UPDATE 1-Stocks, Junk Bonds Could gain Despite Slowing U.S. Growth -BlackRock's Rieder

Wednesday, 09 March 2016 09:00 AM

(Adds Rieder quotes, context and byline)

By Trevor Hunnicutt

NEW YORK, March 8 (Reuters) - Stocks "can go up five, 10 percent, maybe" despite a slowing U.S. economy, BlackRock Inc's chief investment officer of global fixed income Rick Rieder said on Tuesday.

The market's negative attitude towards the high-yield corporate debt market - relative to higher-grade debt - has also created an investment opportunity, Rieder said at the Harbor Investment Conference in New York.
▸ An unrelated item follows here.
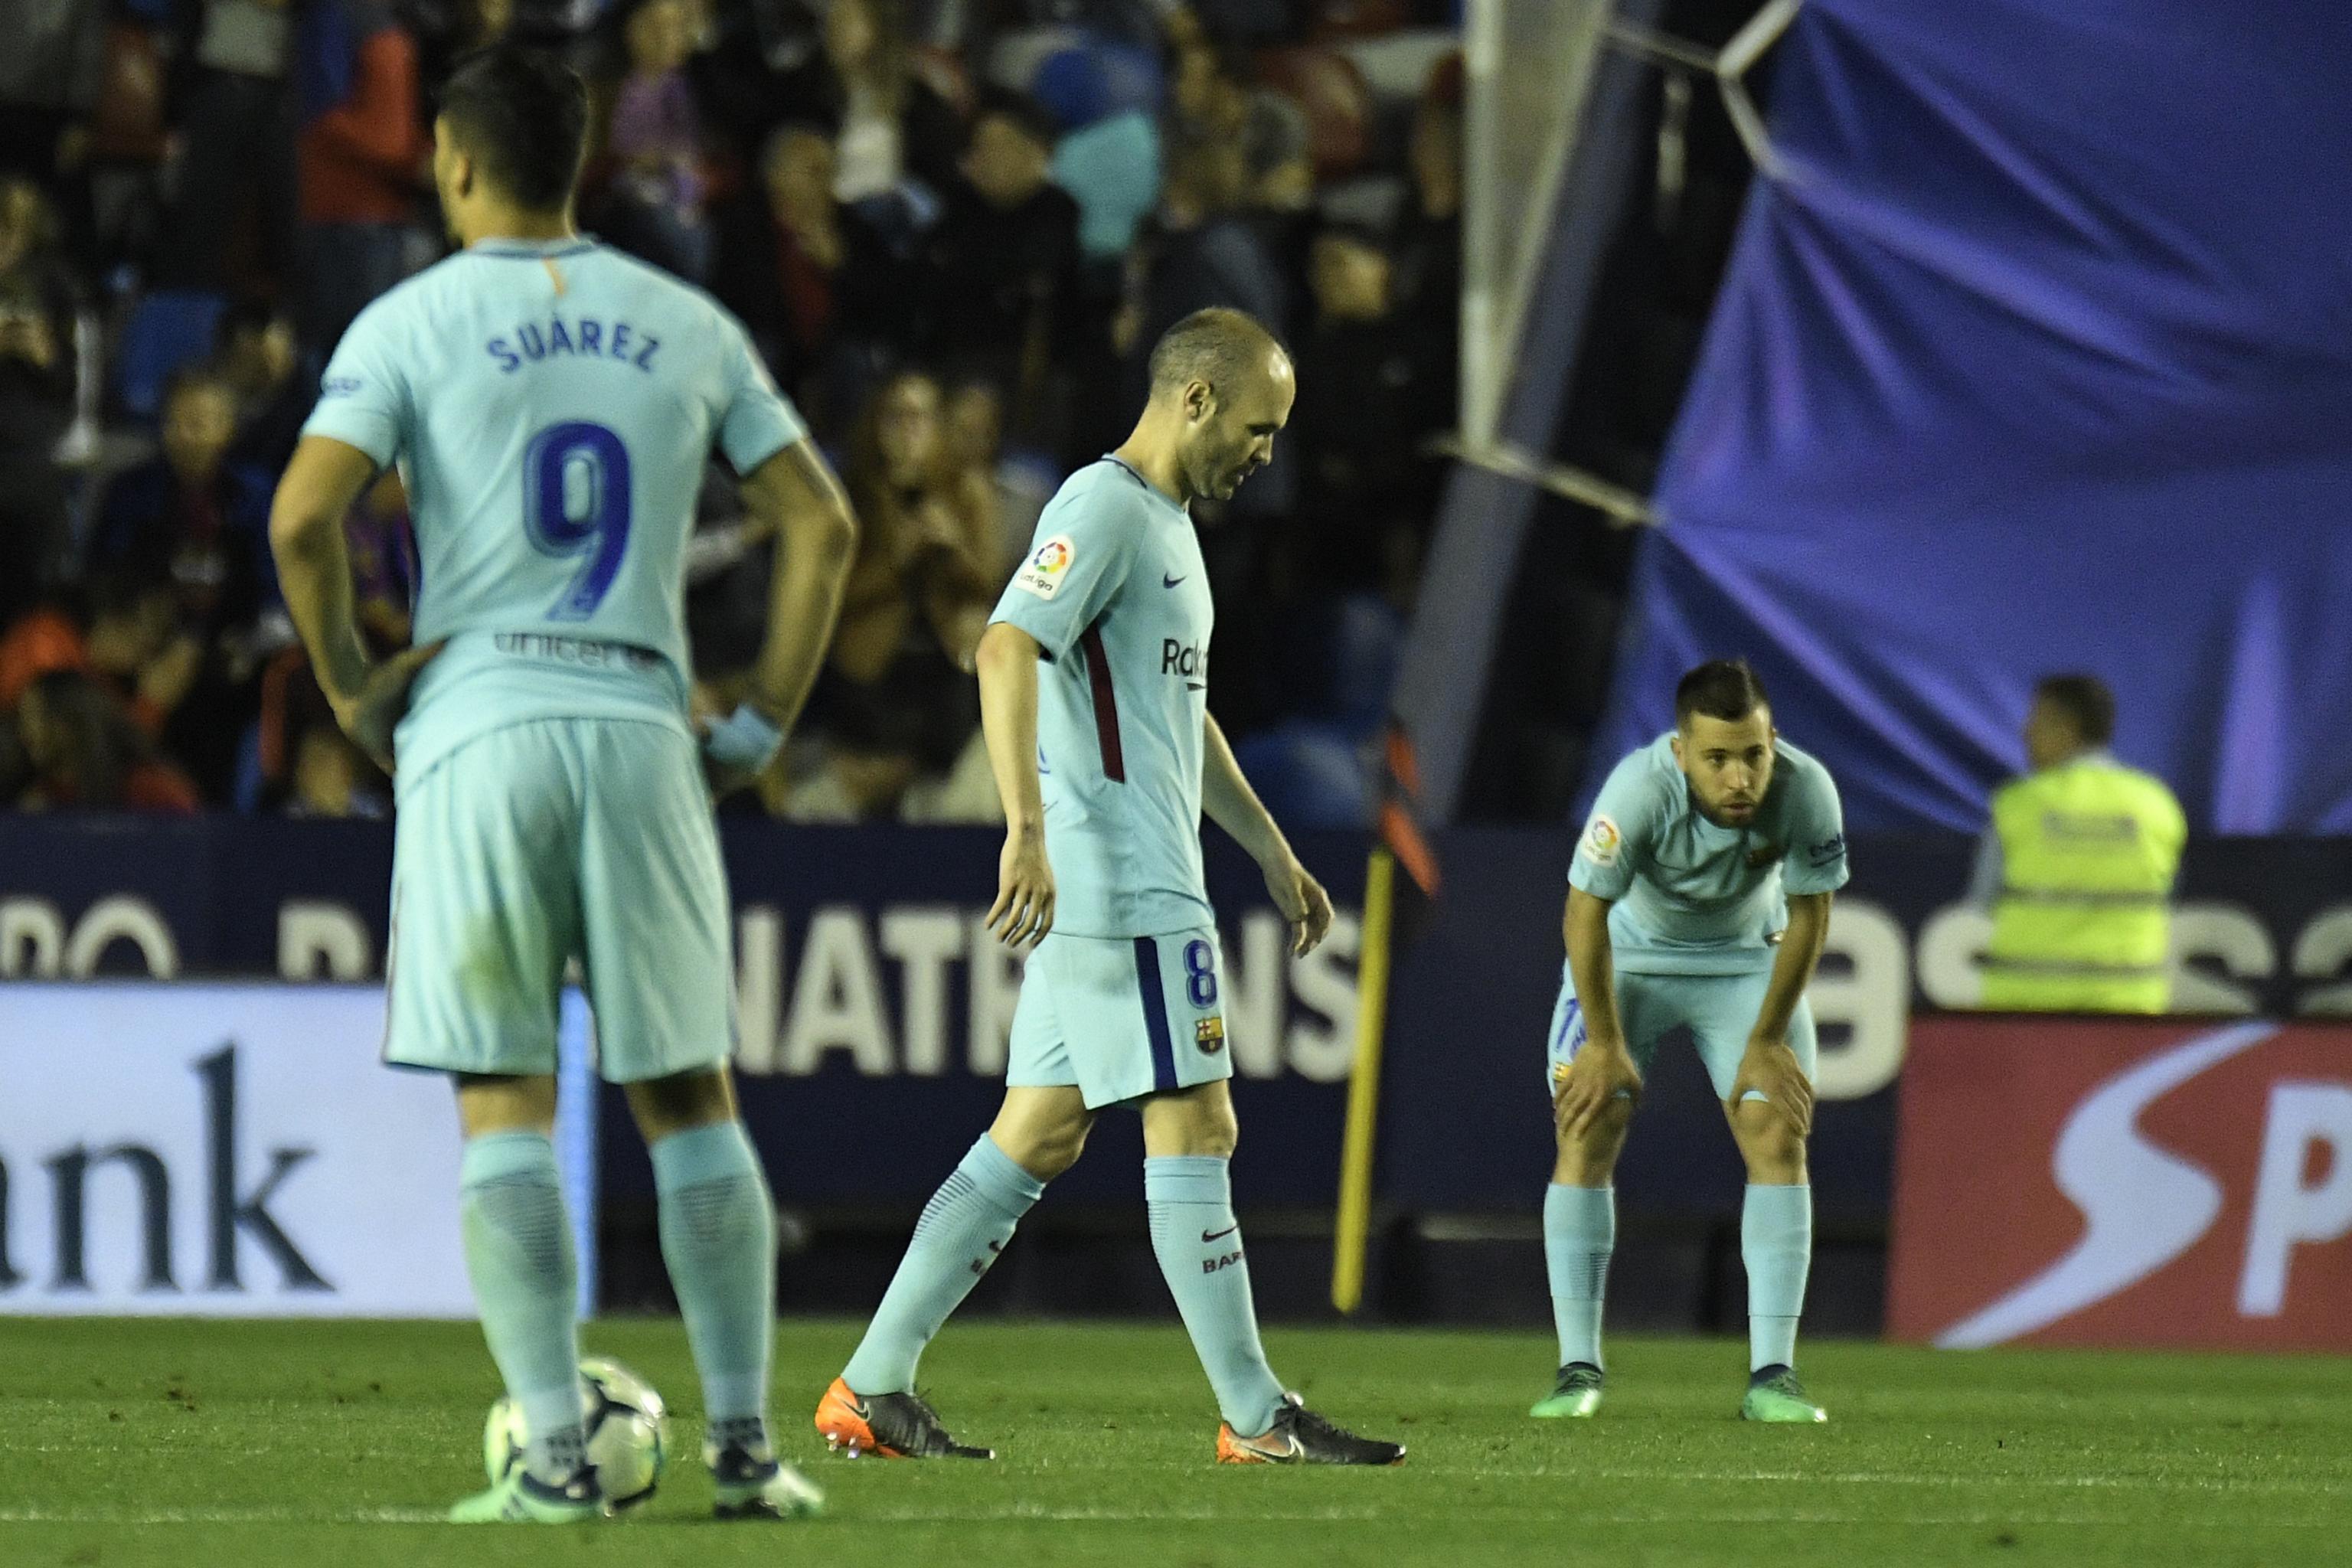 Half-time in LaLiga advantage Barça - by Ben Hayward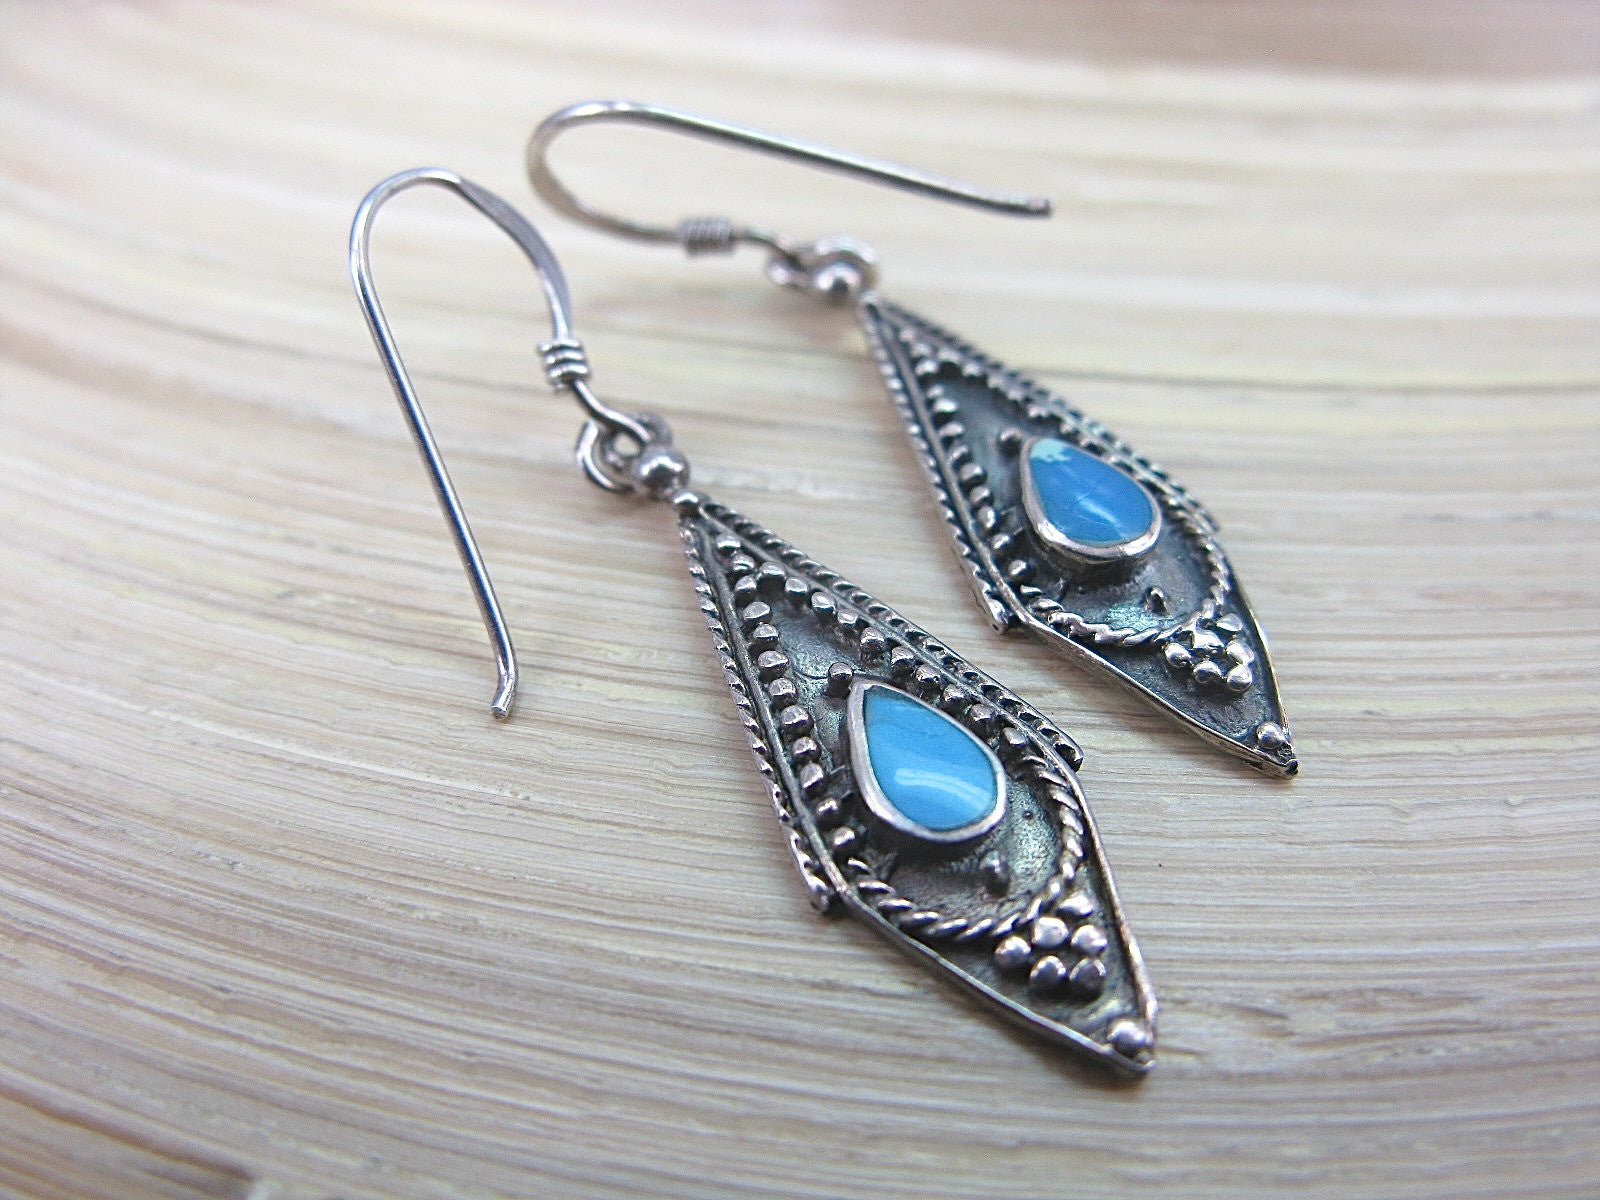 Turquoise Tribal Oxidized Dangle 925 Sterling Silver Earrings Earrings Faith Owl - Faith Owl

He said a rally in gold could continue as central banks push interest rates globally into negative territory, which erodes investors' savings.

Investors are expecting the European Central Bank to announce more monetary stimulus measures on Thursday to boost ultra-low inflation and sluggish growth in the euro zone.

"Gold is mispriced by two or three hundred euros if we're going to go down the road of growing the balance sheet" of the central bank, he said. "Money is going to go into gold."

Rieder also expects the U.S. Federal Reserve to hike the benchmark interest rate it controls one or two times this year, he said on CNBC, including once in June. And he said the bank's use of an aggressive stimulus policy called quantitative easing, or Q.E., is not out of the question.

"I hear people speak about the Fed may ultimately do Q.E. again; I don't think that's a crazy concept," said Rieder, whose recent remarks on the U.S. economy had been more optimistic. "The world is slowing. I think the U.S. economy is going to slow."

That growth is slowing in part because of a rising U.S. dollar, which hurts emerging markets that had borrowed in that currency, Rieder said.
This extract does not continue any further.